Мне не плакалось. И не говорилось. Я просто стоял и смотрел. Знаю же, что святитель Николай все сам видит и всем помогает. Было интересно, что изображение на образе похоже на священника, с которым я только что говорил. Как будто с него писали. Потом я все-таки решился вымолвить два слова:

– Помоги мне!

И поцеловал руку на иконе. И, пятясь, отошел. Посмотрел по сторонам – батюшки нигде не было видно. Под дождем поплелся домой. Жалко, что зонтик забыл взять. Ну я, если честно, и не думал ни про какие зонтики, когда выходил. Не до того было.

От моего подъезда отъезжала неотложка. Консьержка и еще несколько соседок что-то оживленно обсуждали. Я спросил, что случилось?

И Евгения Михайловна с восьмого этажа рассказывает, что пошла в тот самый магазин, где до этого был я. На улице к ней пристал насквозь промокший, трясущийся от холода алкаш, стал предлагать курицу «хотя бы за тридцать рублей». Она пыталась от него отделаться, тогда он вложил ей в руки эту курицу со словами:

– Бери, мать! Бери бесплатно.

И ушел.

Вот с этим приобретением она вернулась домой. А дома дочка Жанна ей выговаривает:

– Вот кто теперь эту курицу будет есть? Где ее твой алкаш взял? Может, она испортилась?

Дочь решила курицу выкинуть, а Евгения Михайловна не разрешает:

– Выкидывать продукты – грех! Даже алкаш не выкинул. Надо кому-нибудь другому отдать, если сами есть не будем.

Вот они стали думать, кому в доме нужна курица с сомнительной биографией. Поняли, что никому. Вроде бы все соседи – вполне благополучные люди. Принести вдруг кому-либо из соседей курицу, даже в вакуумной упаковке, – это странно.

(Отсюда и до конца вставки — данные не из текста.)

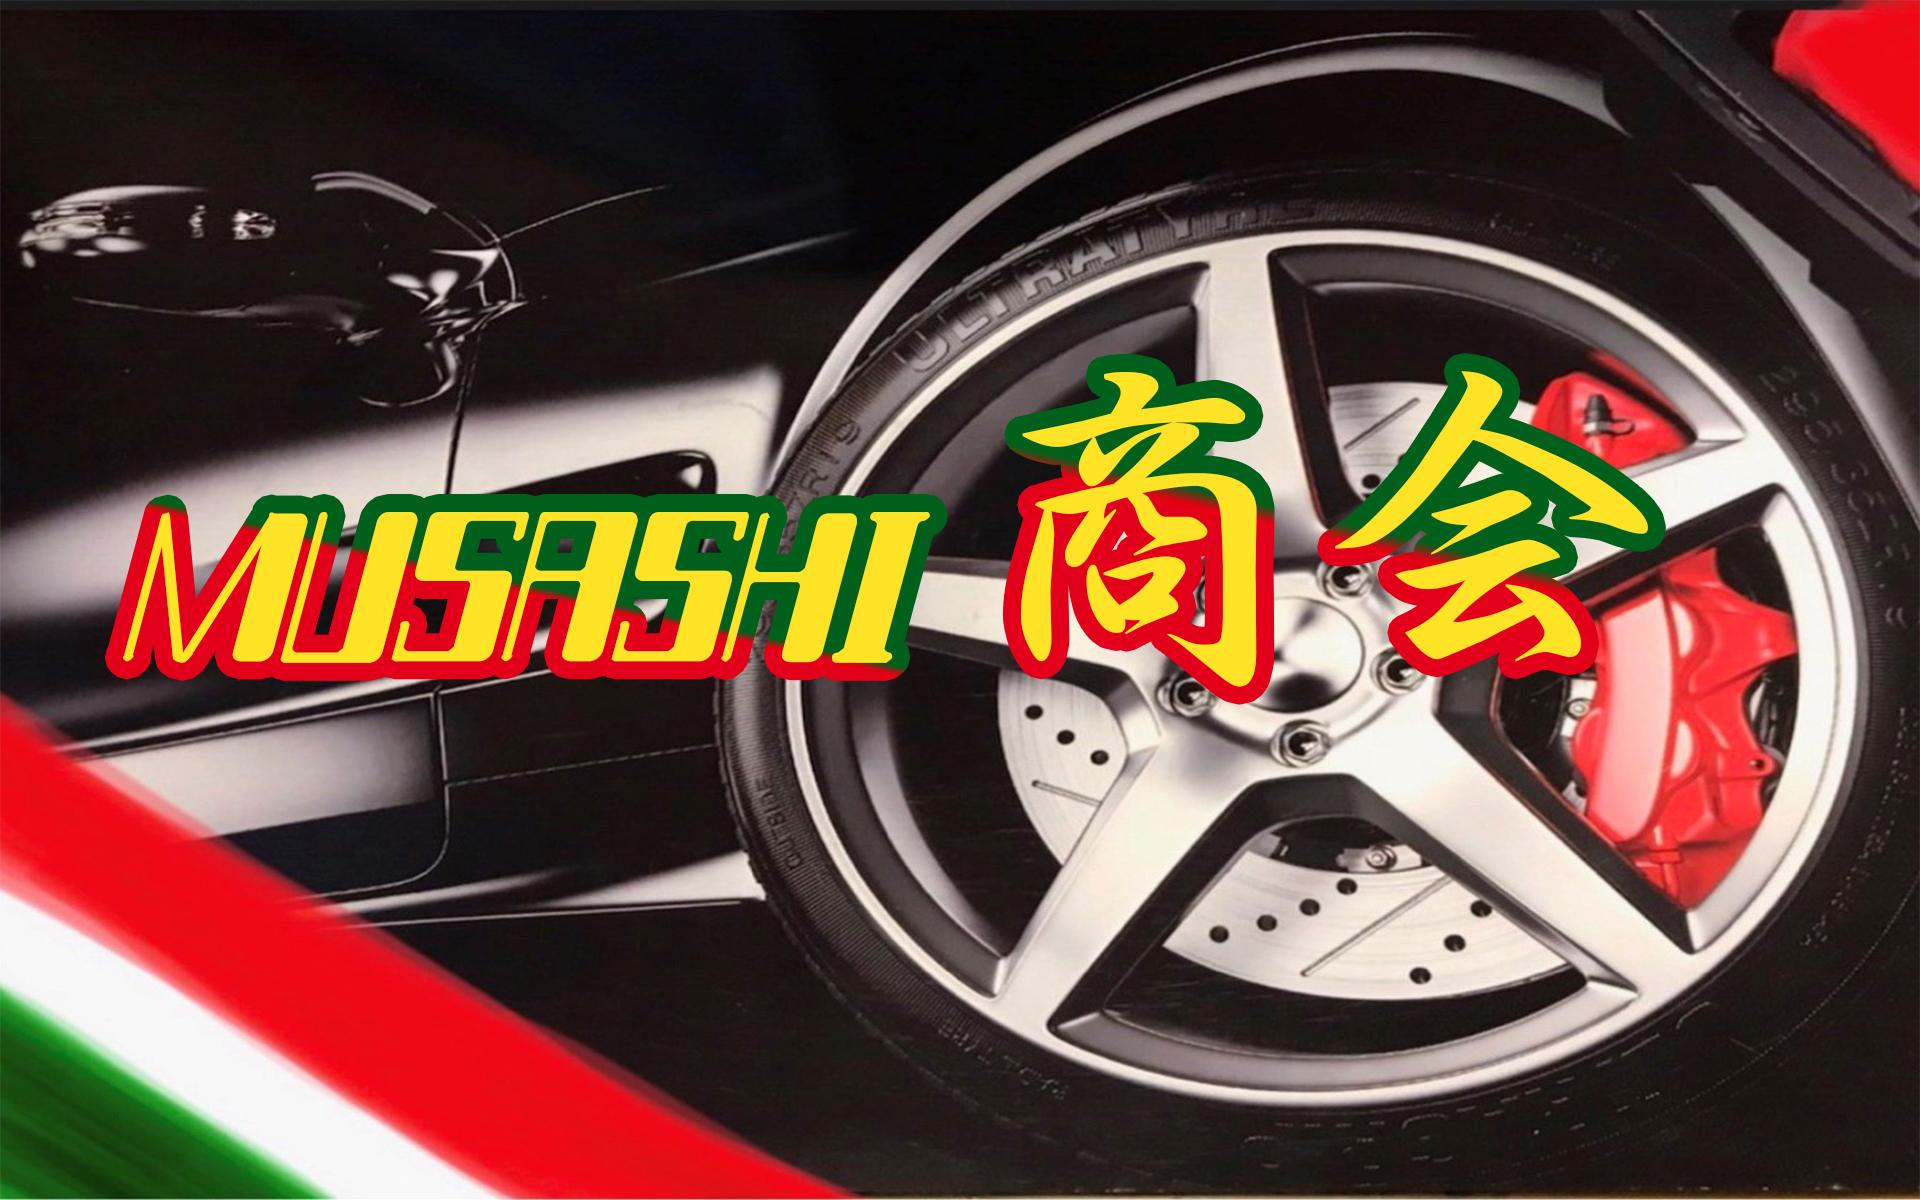 MUSASHI商会はすべて取り付け費無料!新品タイヤも各種取り揃え!中古タイヤ</B>、ホイールの買い取りも実施中!ホイール修理もOK!ノーマルタイヤ各種取り揃え!持ち込みタイヤ交換は、なんと¥1.000-!ホイール塗装OK!タイヤバランス調整します!までどんなタイヤサイズもあります! 板金修理いたします!安心!車検整備いたします! いらなくなった車を買い取ります 出張!タイヤ修理いたします!

Но на втором этаже живет Галина. Несмотря на возраст, она всегда ярко одевается и похожа на Жанну Агузарову в глубокой старости. А денег у нее нет ни копейки. И кто чем может ей помогают.

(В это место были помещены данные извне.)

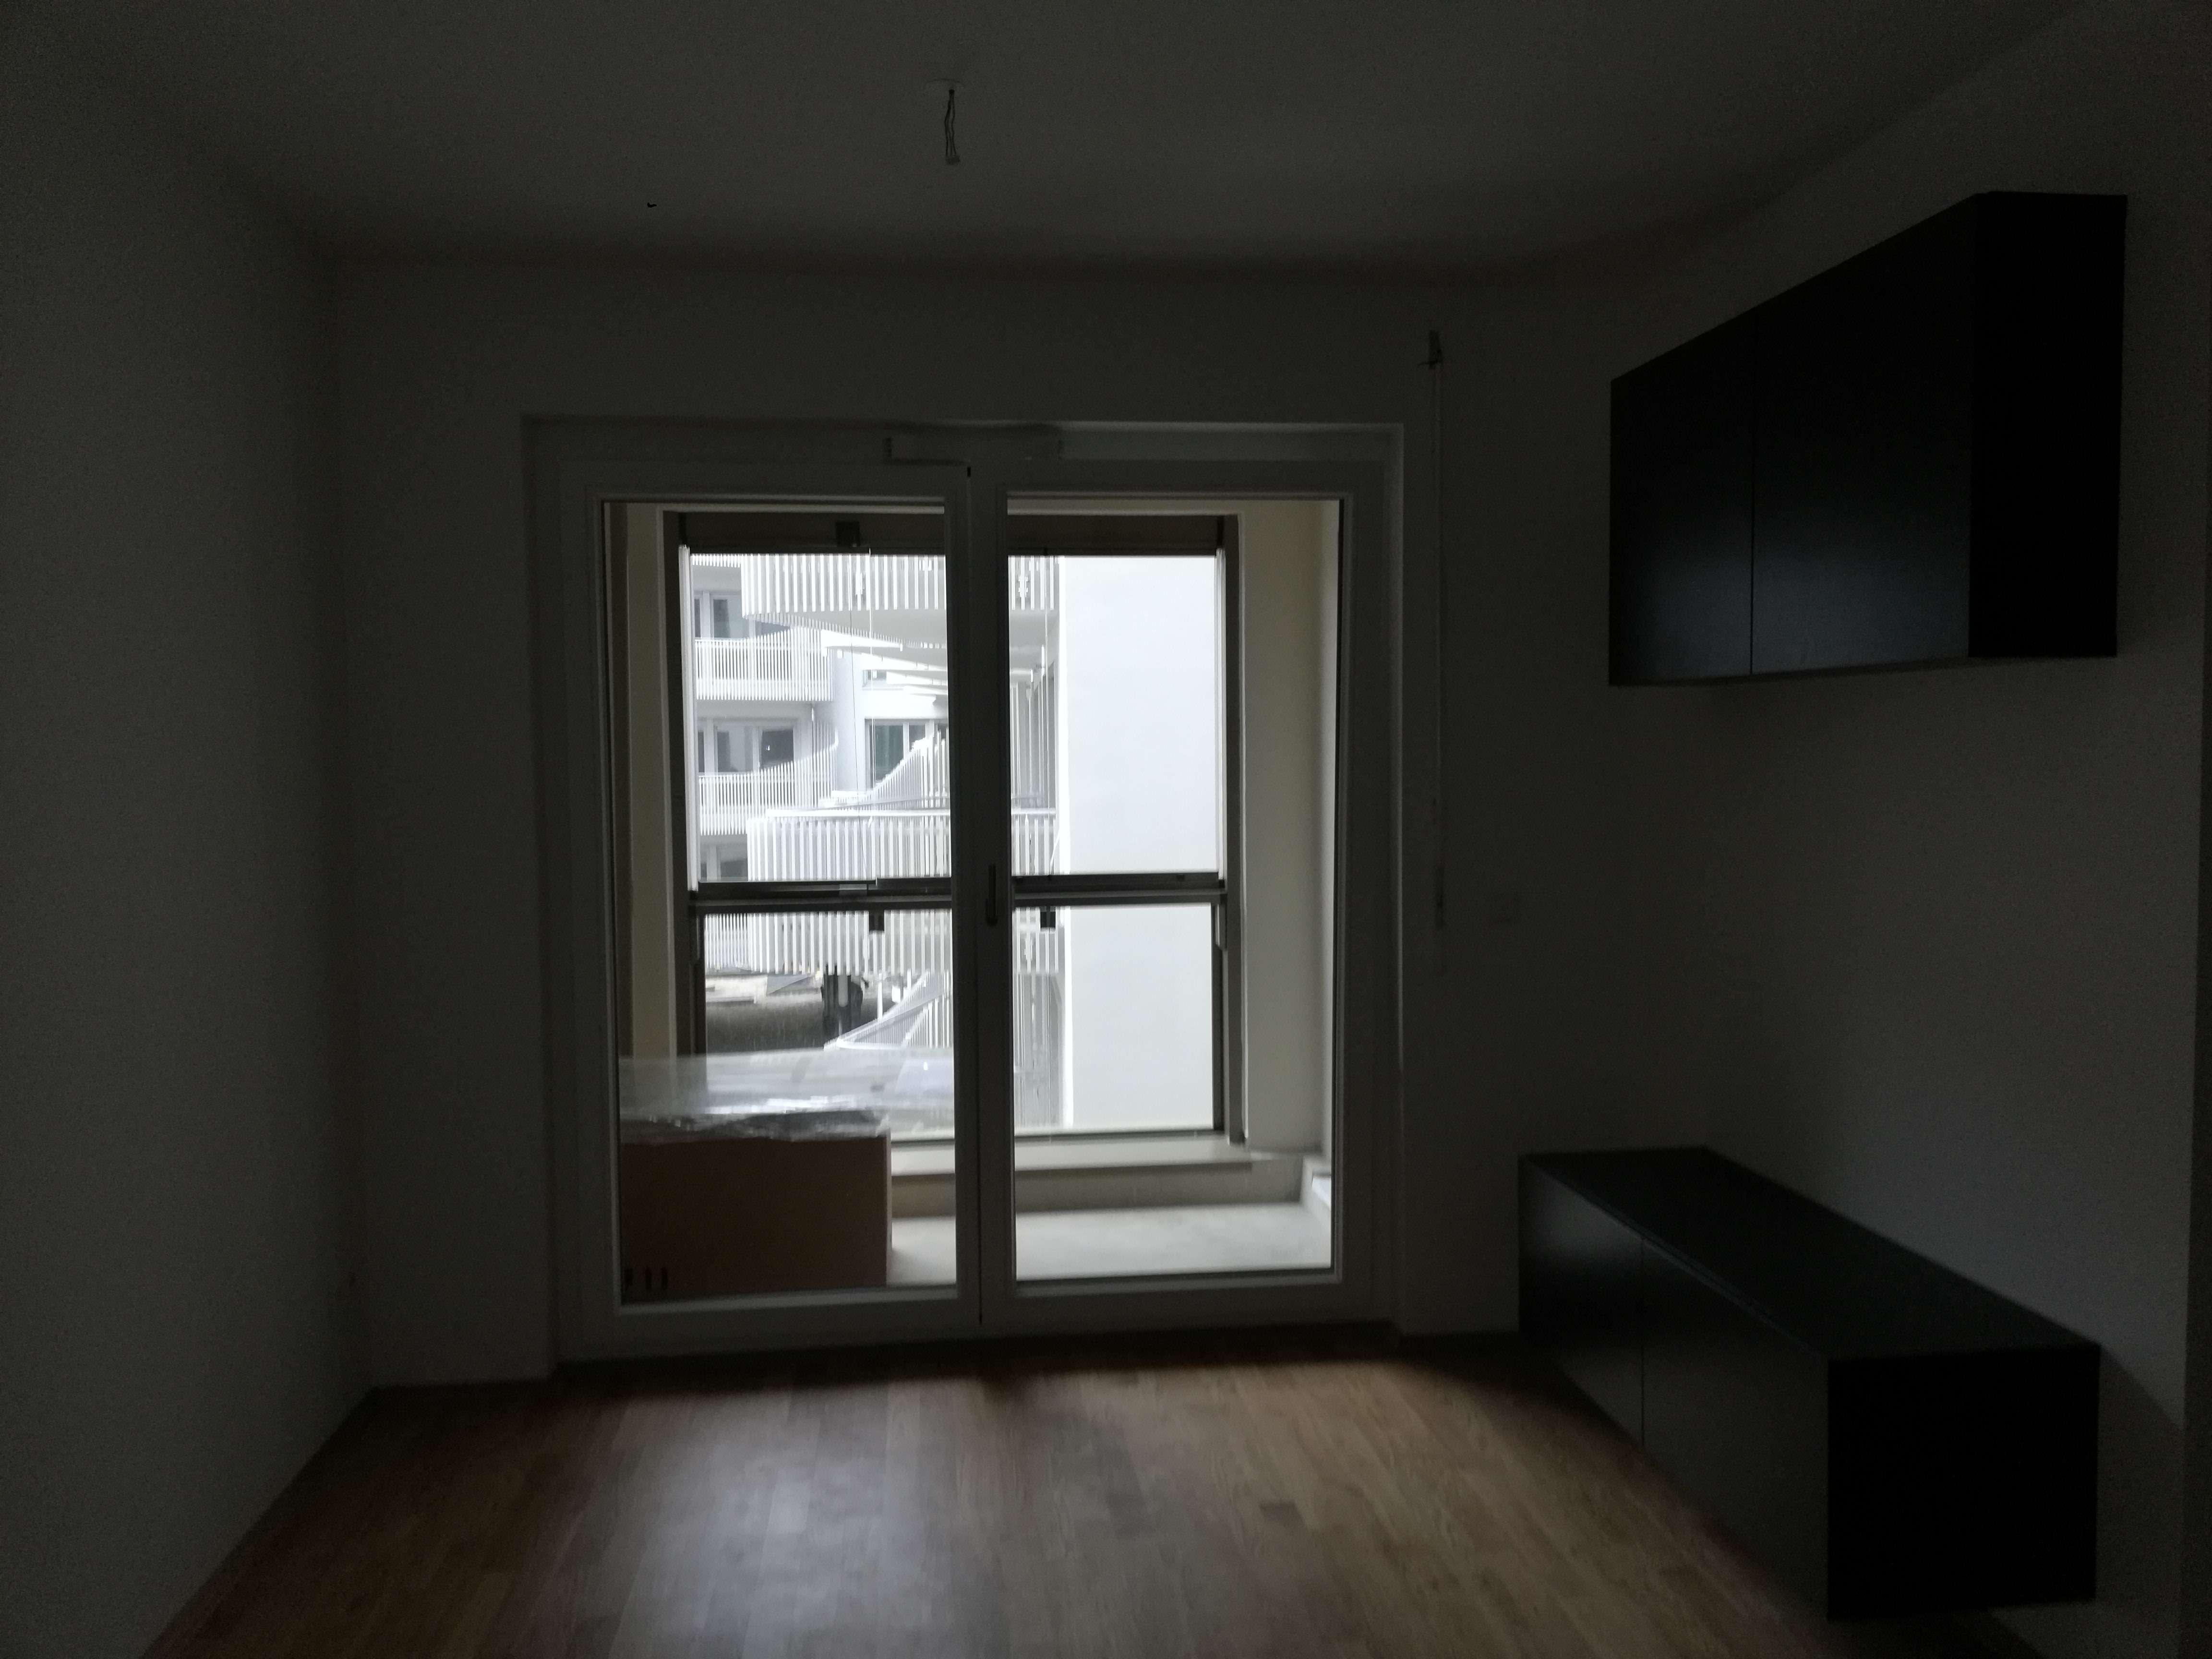 Erstbezug mit Einbauküche und Balkon: ansprechende 2-Zimmer-Wohnung in Perlach, Munich in Perlach (München)

Понесли курицу Галине. Дверь у нее никогда не заперта. Постучались – молчит. Толкнули дверь – отворилась. Позвали. Галина не отвечает. Прошли в квартиру – нашли ее на полу. Вызвали «скорую». Перед уходом, унося на носилках Галину, врачи говорят:

– Если бы мы приехали хоть на несколько минут позже, то не было бы этой женщины в живых. Мы успели в последний момент.

Евгения Михайловна подчеркнула:

– Вот с виду простая птица! А спасла жизнь человеку!

И показала курицу, которую до этого я купил алкашу.

– Вам не надо? – спросила она меня с предельной искренностью.

Я безмолвно смотрел на всех моих соседок.

– Мама! Ну что ты позоришь нас! Перед человеком неудобно! – заверещала ее дочь Жанна.

Я прошел мимо них к себе домой. Включил компьютер. Набил на клавиатуре «крестный ход». И на экране появился огромный список. Первым в списке был крестный ход святой Нины в Грузии.

И он начинался через три дня.

Вначале я растерялся. А потом подумал: «А что я теряю?»

И прямо сразу же через компьютер заказал себе билет на самолет до Тбилиси. И лег на кровать. Слушал тишину и радовался, что во мне всякие бури утихли, что появилась какая-то цель. И эта цель хорошая.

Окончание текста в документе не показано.